======== Provided material

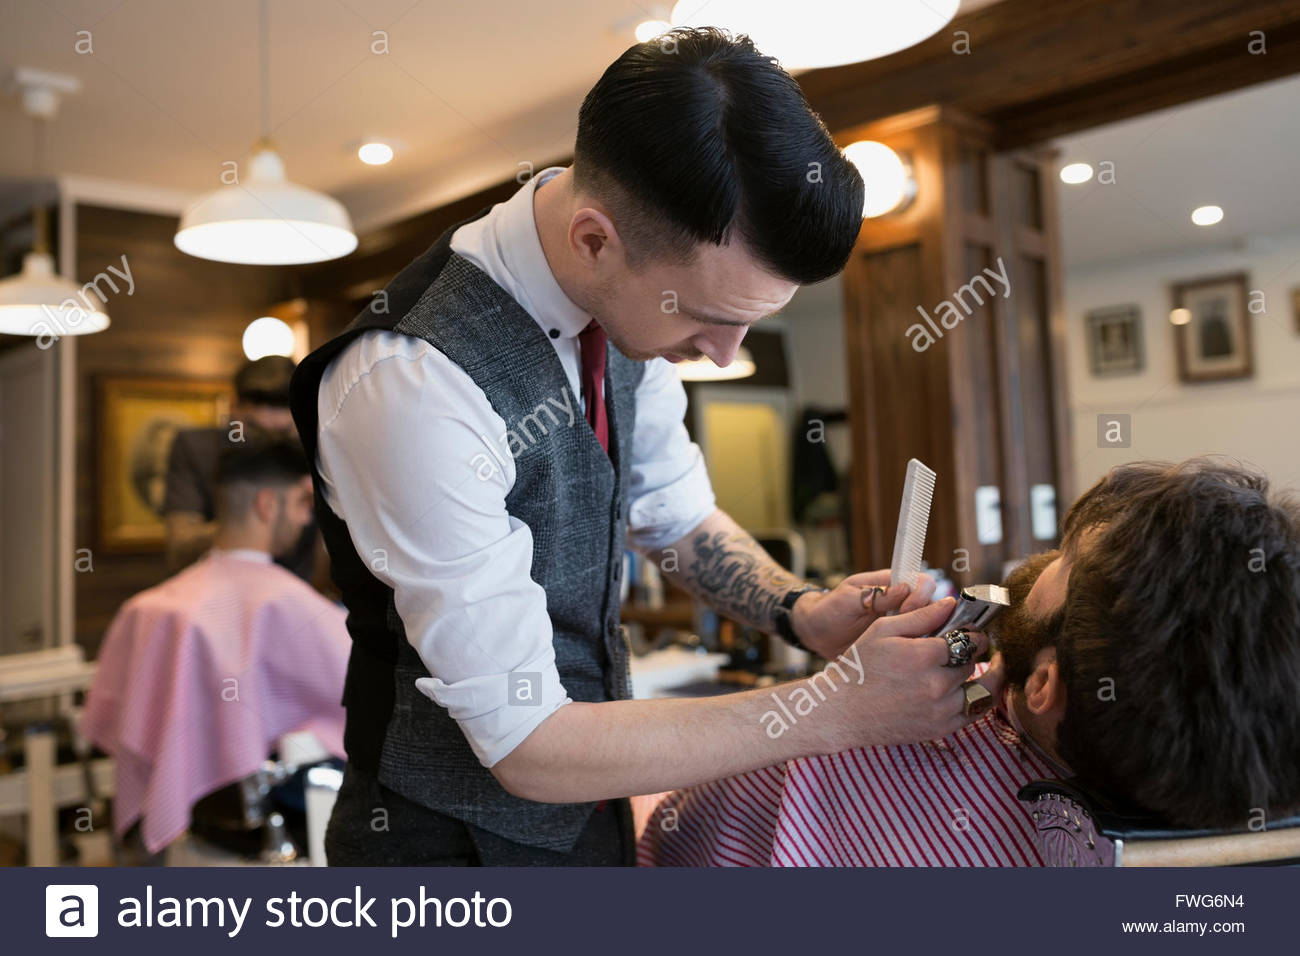 Barber trimming man - Stock Image
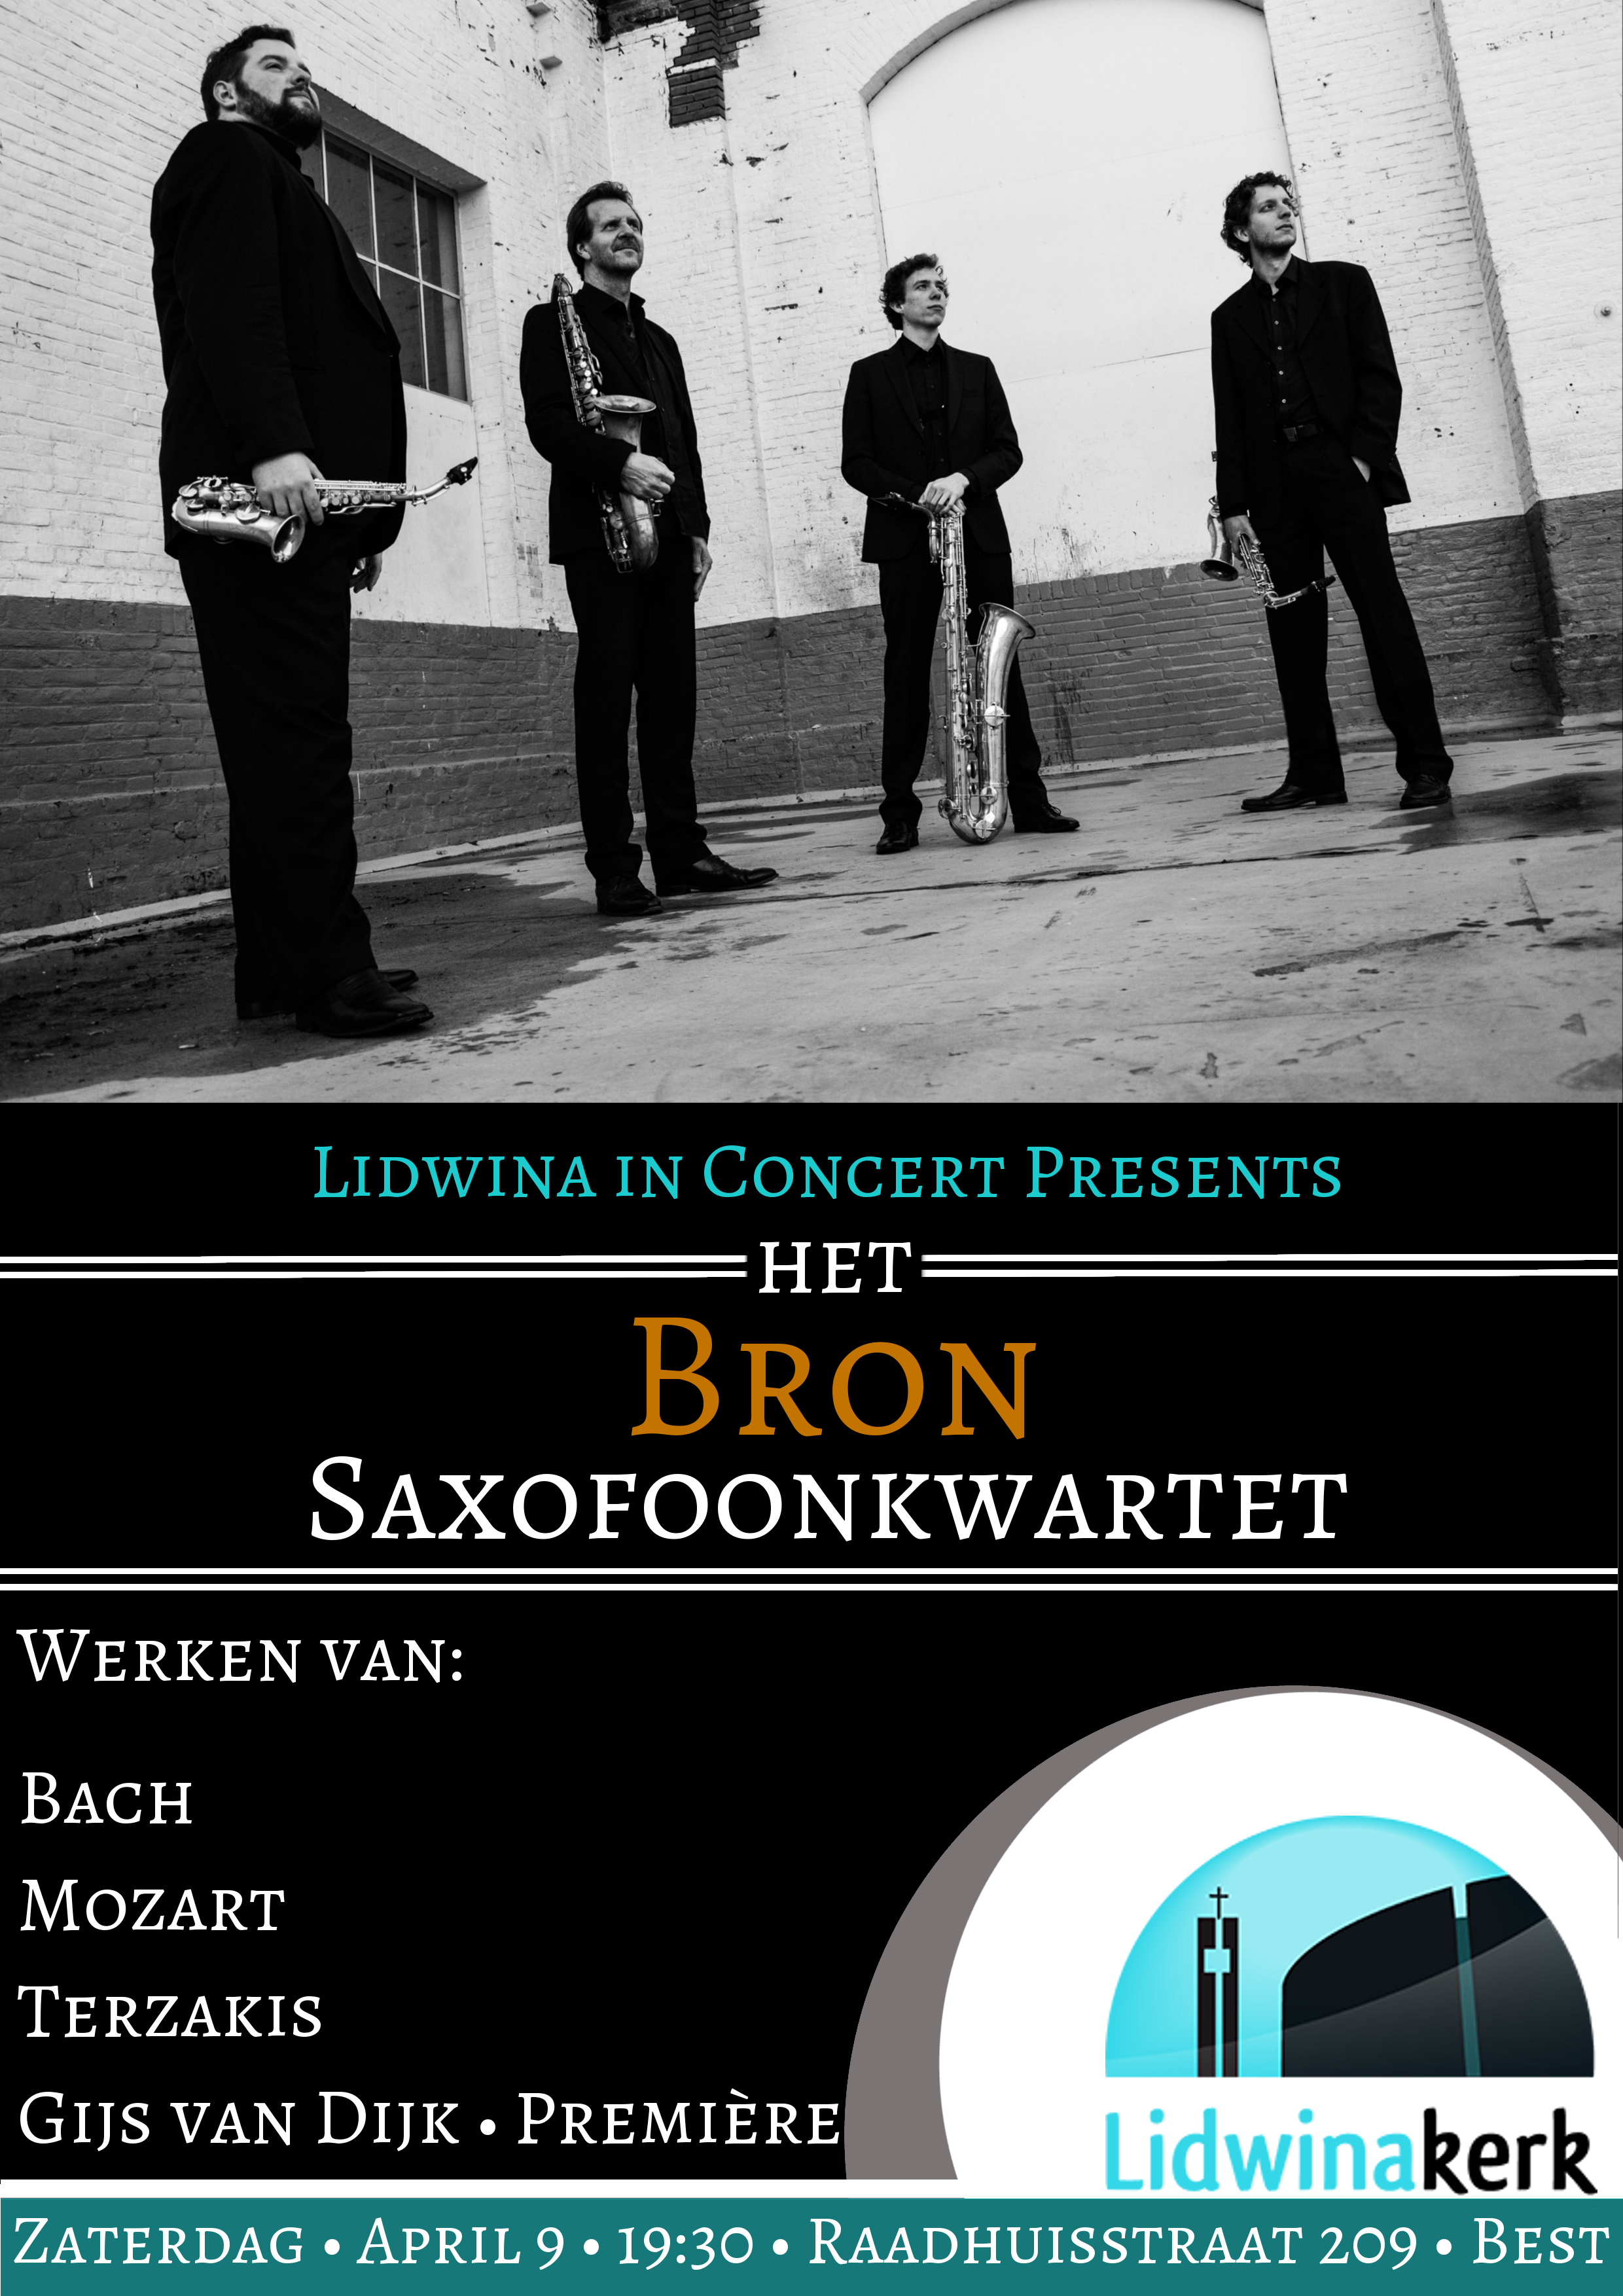 Lidwinakerk - Bron Saxophone Quartet - April 9 - Dutch.jpg
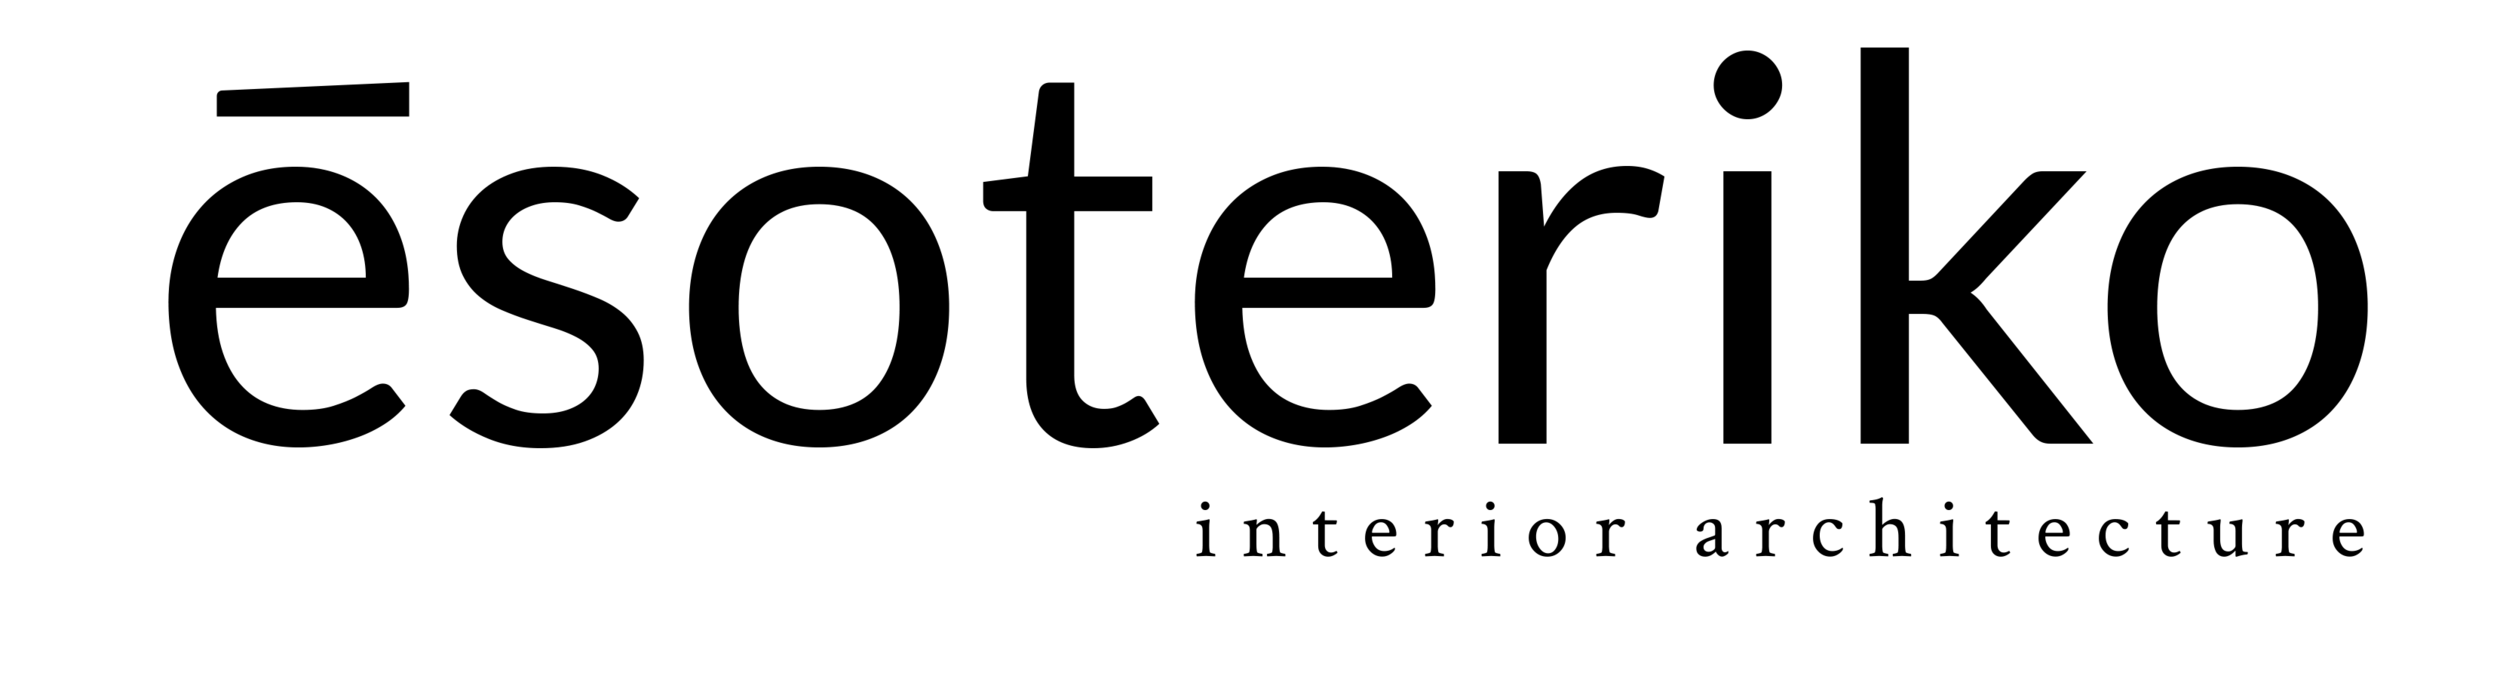 esoteriko logo black (hi res).png

================

Task statement
None of the pictures should be carried over when the data above is transcribed exactly.

Output of the task
 Barber trimming man - Stock Image
 Lidwinakerk - Bron Saxophone Quartet - April 9 - Dutch.jpg
 esoteriko logo black (hi res).png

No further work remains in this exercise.